20:51 <JamesMunns[m]> Yep

20:51 <JamesMunns[m]> Basically a managed reverse proxy for multiple connected devices

20:51 <JamesMunns[m]> A whole post station, maybe :)

20:52 <konkers[m]> Neat. I was just looking at that the other day for a hobby project.

20:52 <konkers[m]> The N count for rpc schema is definitely a lot less than lines of logging.

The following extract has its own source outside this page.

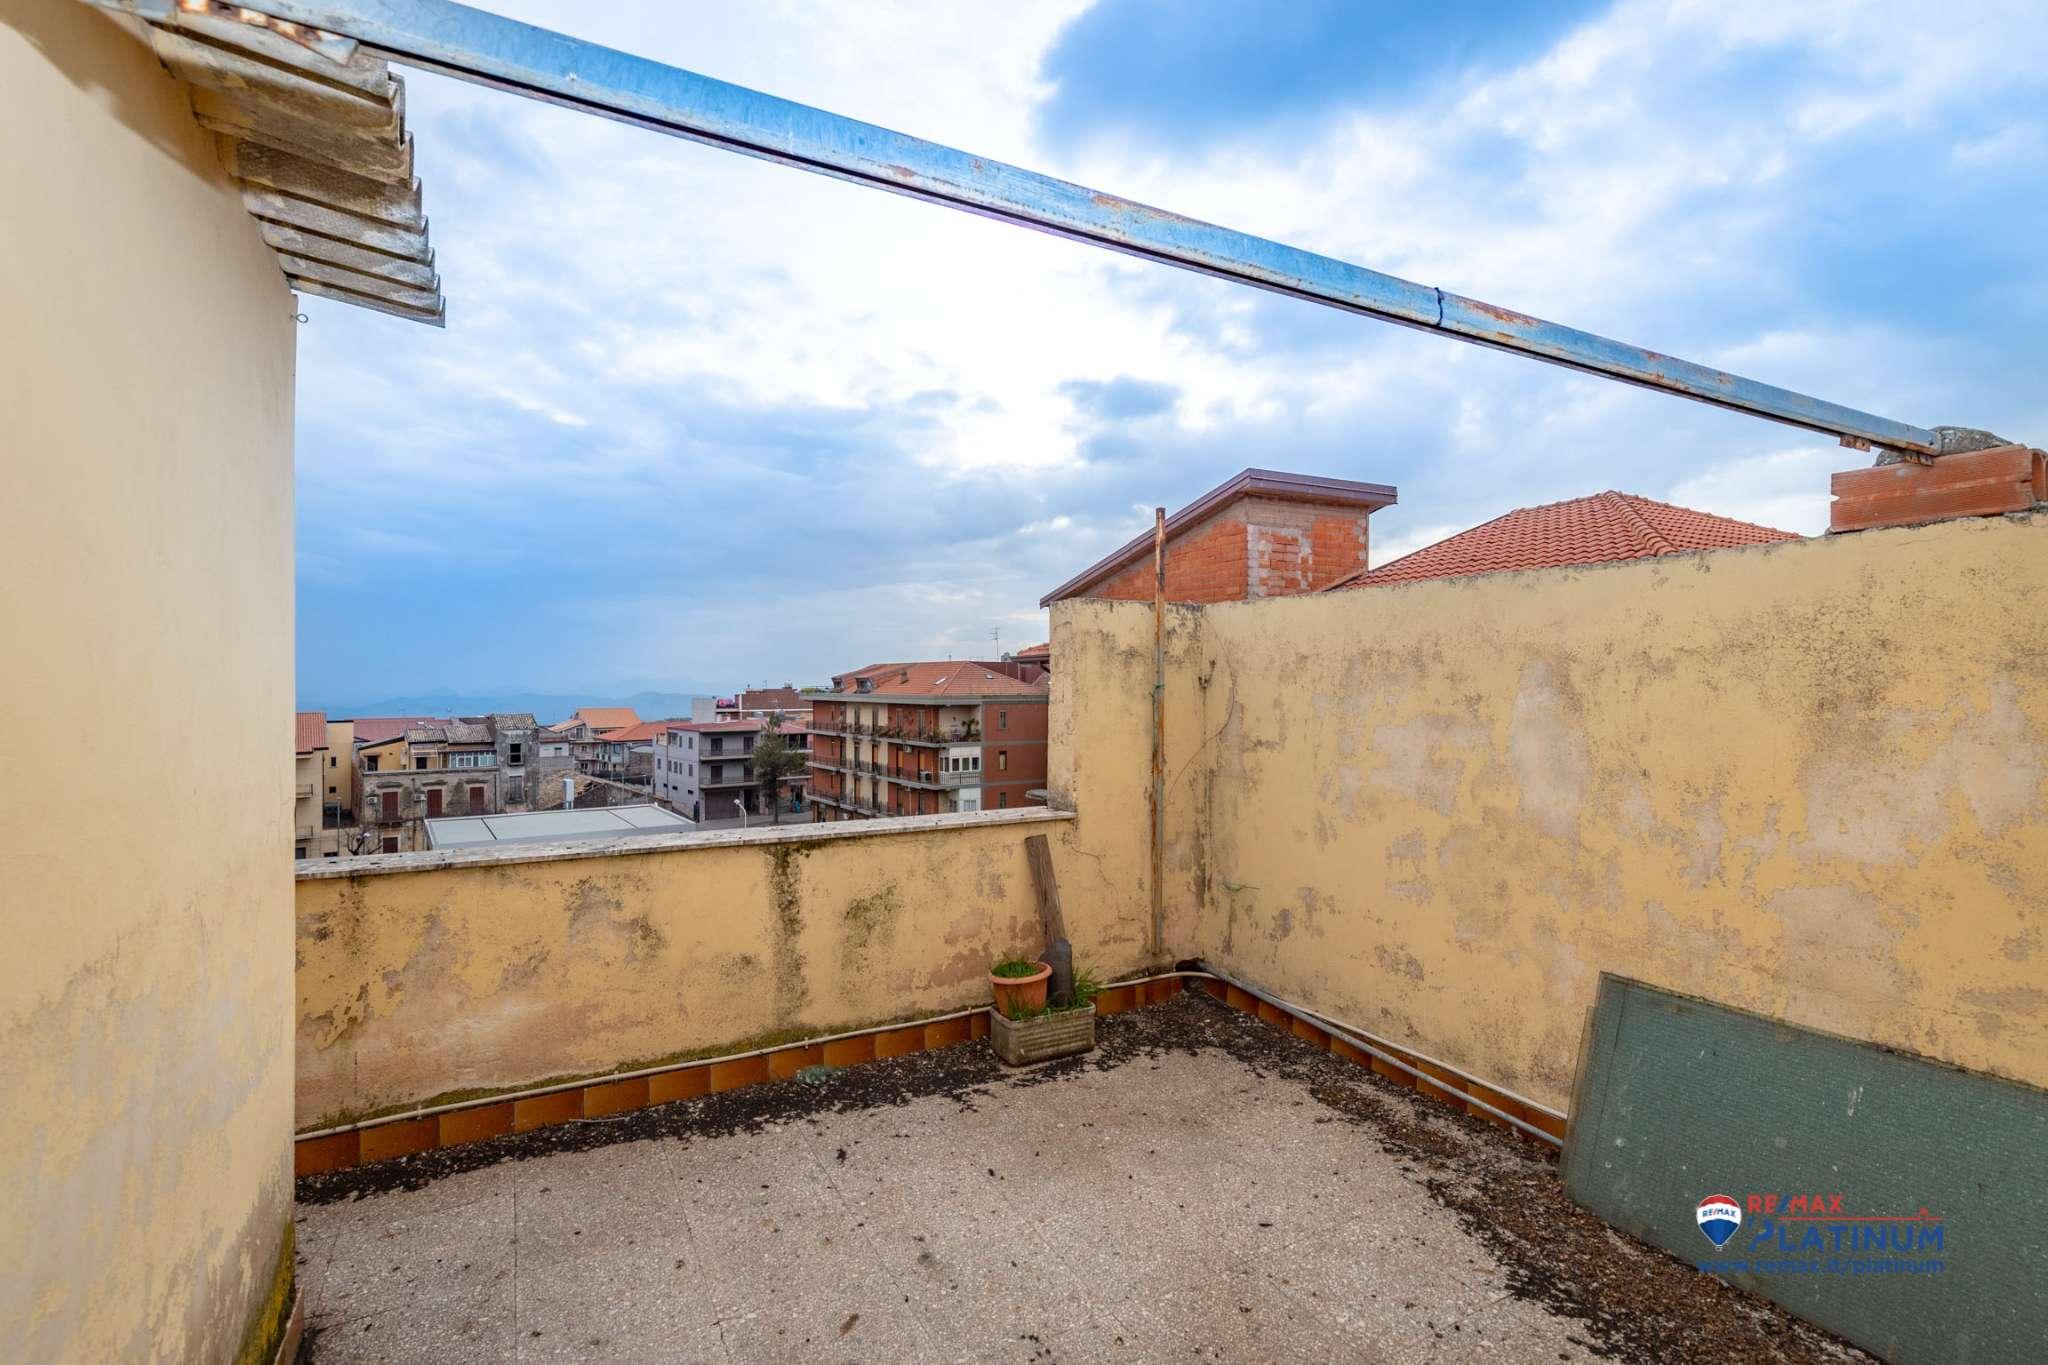 Attico / Mansarda in vendita a Biancavilla, 2 locali, prezzo € 35.000   PortaleAgenzieImmobiliari.it

20:53 <JamesMunns[m]> The goal is also to support fancy structured logging too, so you get similar deferred formatting benefits

20:53 <JamesMunns[m]> More like tracing than defmt, but some (unformatted) strings are still passed on the wire

20:55 <konkers[m]> We've had similar thoughts with our tokenized logging but have not had time to fully spec it out much less implement it.

20:56 <JamesMunns[m]> My schemas are serialized to postcard, based on the stable wire format and schema types, so I could stabilize it as a standard soonish

20:57 <JamesMunns[m]> I also have "type punning" working, so you can send a `&[u8]` on the MCU side, and receive it as a Vec<u8> on the PC side

20:57 <JamesMunns[m]> I'm excited about it :D

21:12 <konkers[m]> Have you thought much about MCU to MCU comms? pw_rpc gets used for that as well as MCU to host.

21:31 <JamesMunns[m]> The intent is to have an MCU client as well for postcard rpc

21:31 <JamesMunns[m]> At least for point to point comms, or over an existing network.